Matches. Once you have a competition-season you can call sb.matches(competition_id=..., season_id=...) to get all matches in that tournament. The 2022 World Cup returns 64 rows, one per match, each carrying kick-off time, final score, home and away team names, and a match_id you'll use for the next step.

Events. The real payload. sb.events(match_id=...) returns every on-ball action in a single match: passes, shots, carries, duels, goalkeeper actions, set pieces. A match might produce a few thousand rows. Each event has a type, a team, a player, a location, a timestamp, and a cluster of type-specific columns — pass_end_location for passes, shot_statsbomb_xg for shots, and so on.

Coordinate convention
StatsBomb maps every event onto a 120×80 pitch, measured in yards. The origin (0, 0) is the bottom-left corner of the pitch as drawn. The attacking direction is always toward x = 120 — StatsBomb flips coordinates so the team in possession is always going right. When you plot data from two different teams in the same match without accounting for this, everything lands in the wrong half.

Loading competitions, then drilling down

The competition call is the starting point for almost every analysis. It is free and fast — it just fetches a small JSON file.

from statsbombpy import sb

# 1 — what's available? competitions() returns one row per competition-season.
comps = sb.competitions()
print(f"{len(comps)} competition-seasons available, "
      f"{comps.competition_name.nunique()} distinct competitions.")

Running this against the current open dataset prints 80 competition-seasons available, 24 distinct competitions. That range includes Champions League campaigns, La Liga seasons, the Women's World Cup, NWSL, and the full men's World Cup from 2018 and 2022. The 2022 tournament is competition_id 43.

# 2 — pick a competition-season (men's 2022 World Cup) and list its matches.
season = comps[(comps.competition_id == 43) & (comps.season_name == "2022")].iloc[0]
matches = sb.matches(competition_id=43, season_id=int(season.season_id))
print(f"{len(matches)} matches at the 2022 World Cup.")

That prints 64 matches at the 2022 World Cup. — every group stage game through the final. Each row contains both team names, the final score, and the match_id needed for the next step.

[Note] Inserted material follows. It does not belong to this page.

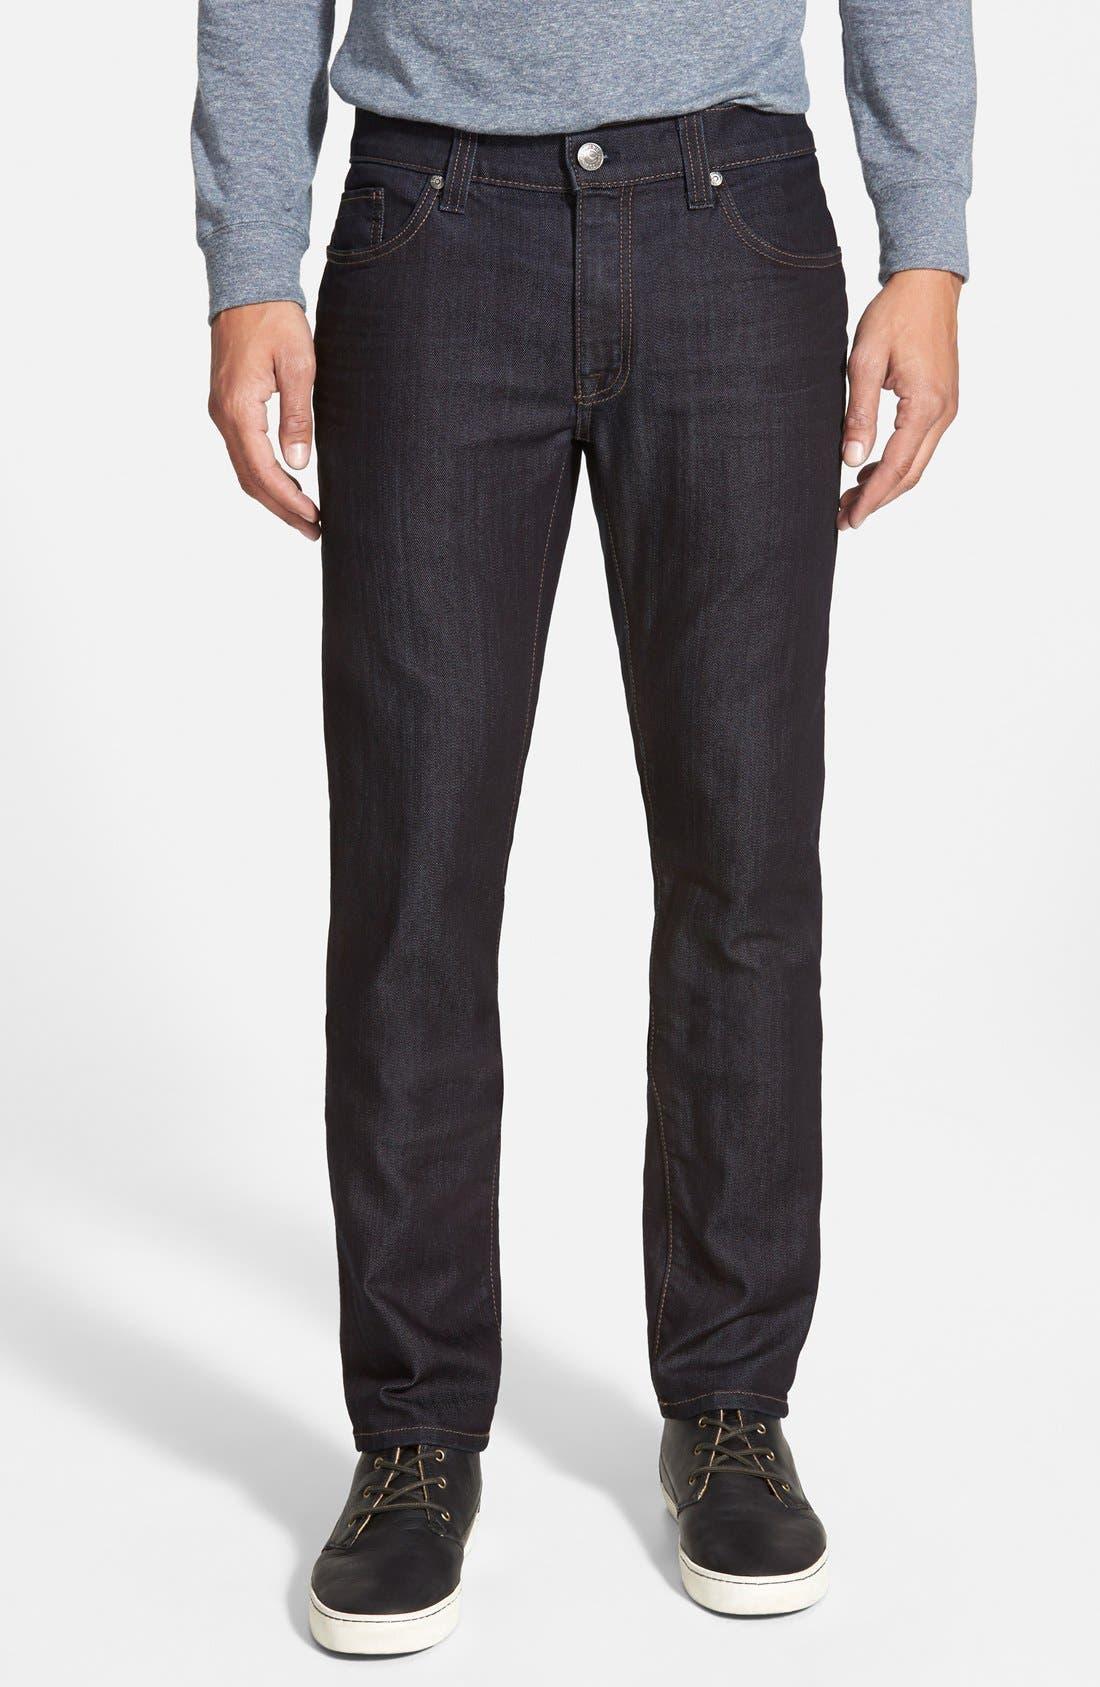 Main Image - Fidelity Denim Torino Slim Fit Jeans (Revolution Rinse)
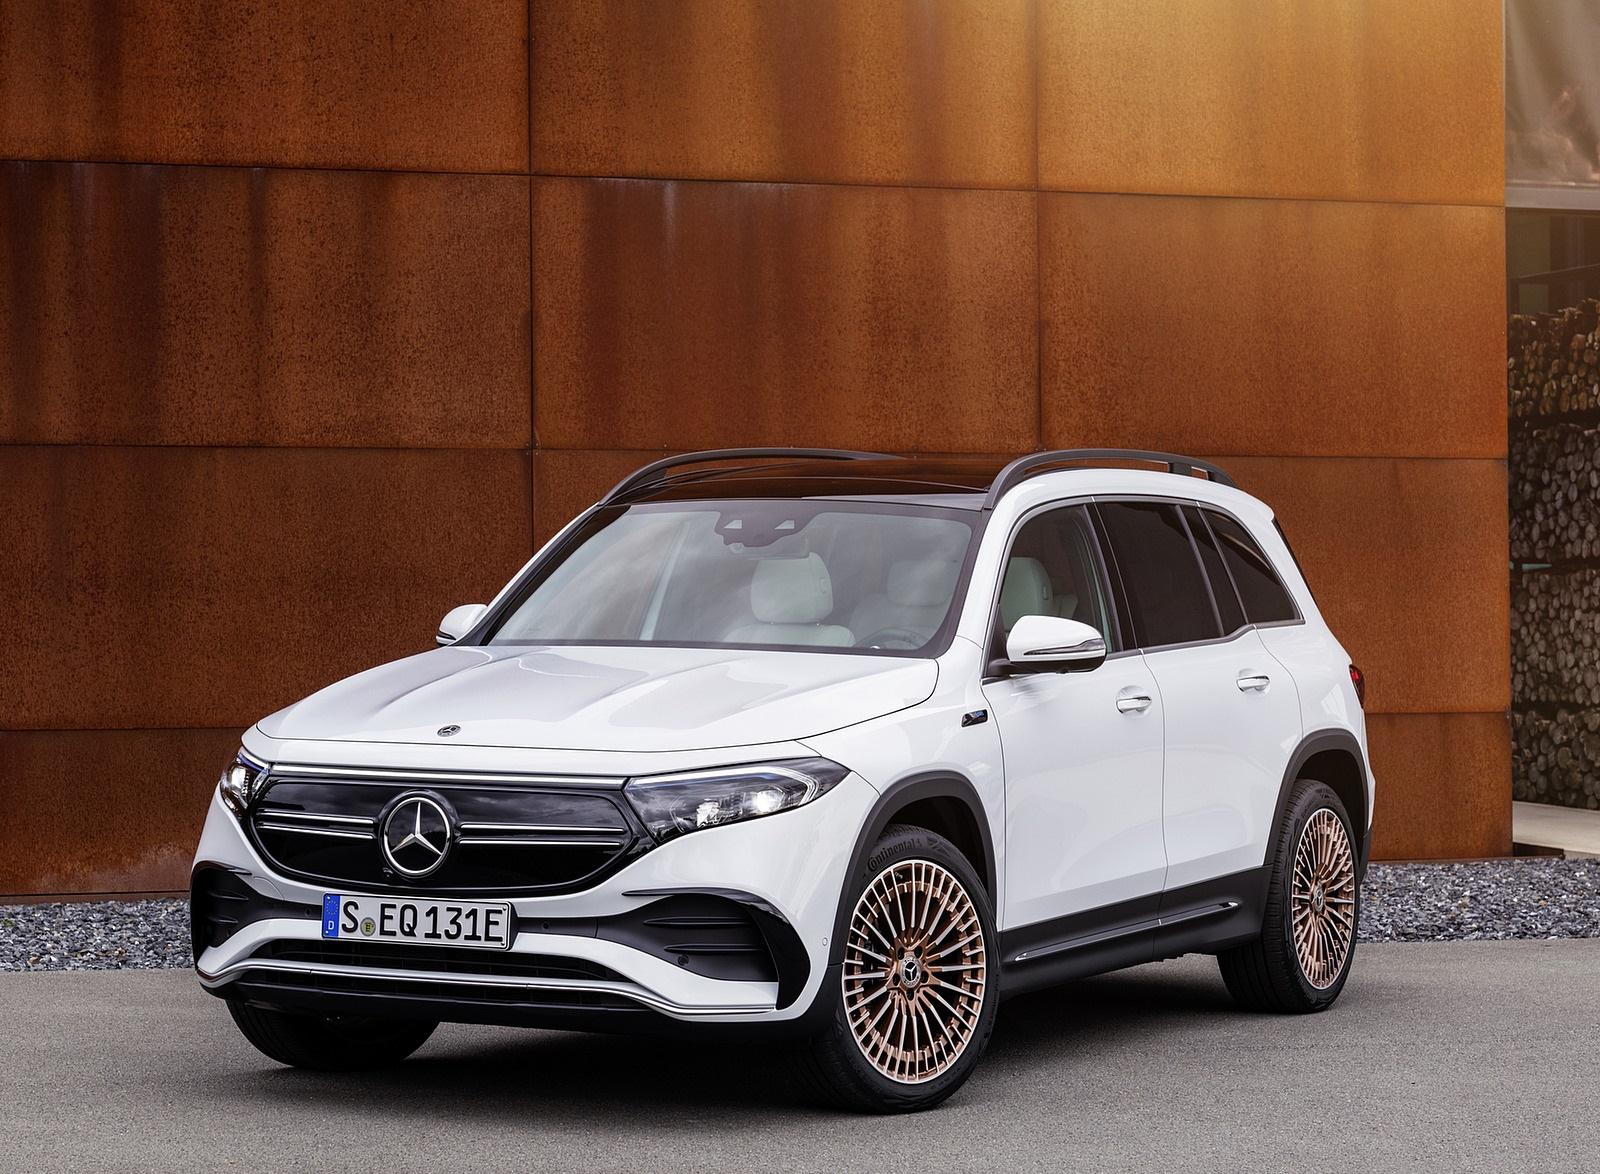 2022 Mercedes-Benz EQB Edition 1 (Color: Digital White) Front Three-Quarter Wallpapers (9)

Pulling shots across a whole tournament

Calling sb.events() once per match and concatenating the results is the standard pattern for tournament-level analysis. It takes a minute or two on a normal connection — each match is a separate HTTP request — but it is straightforward:

# 3 — pull events for every match and keep the shots.
shots = []
for match_id in matches.match_id:
    ev = sb.events(match_id=int(match_id))
    shots.append(ev[ev.type == "Shot"])
shots = pd.concat(shots, ignore_index=True)
shots["xg"] = shots.shot_statsbomb_xg.astype(float)

The explicit astype(float) is worth explaining: shot_statsbomb_xg comes back as a mixed-type column because StatsBomb stores non-shot events in the same DataFrame with nulls in shot-specific columns. Casting it after filtering to shots only avoids the occasional coercion warning downstream.

From here, building the leaderboard is one line of pandas groupby:

# 4 — the ten players with the most expected goals.
top = shots.groupby("player").xg.sum().sort_values(ascending=False).head(10).round(2)
goals = shots[shots.shot_outcome == "Goal"].groupby("player").size()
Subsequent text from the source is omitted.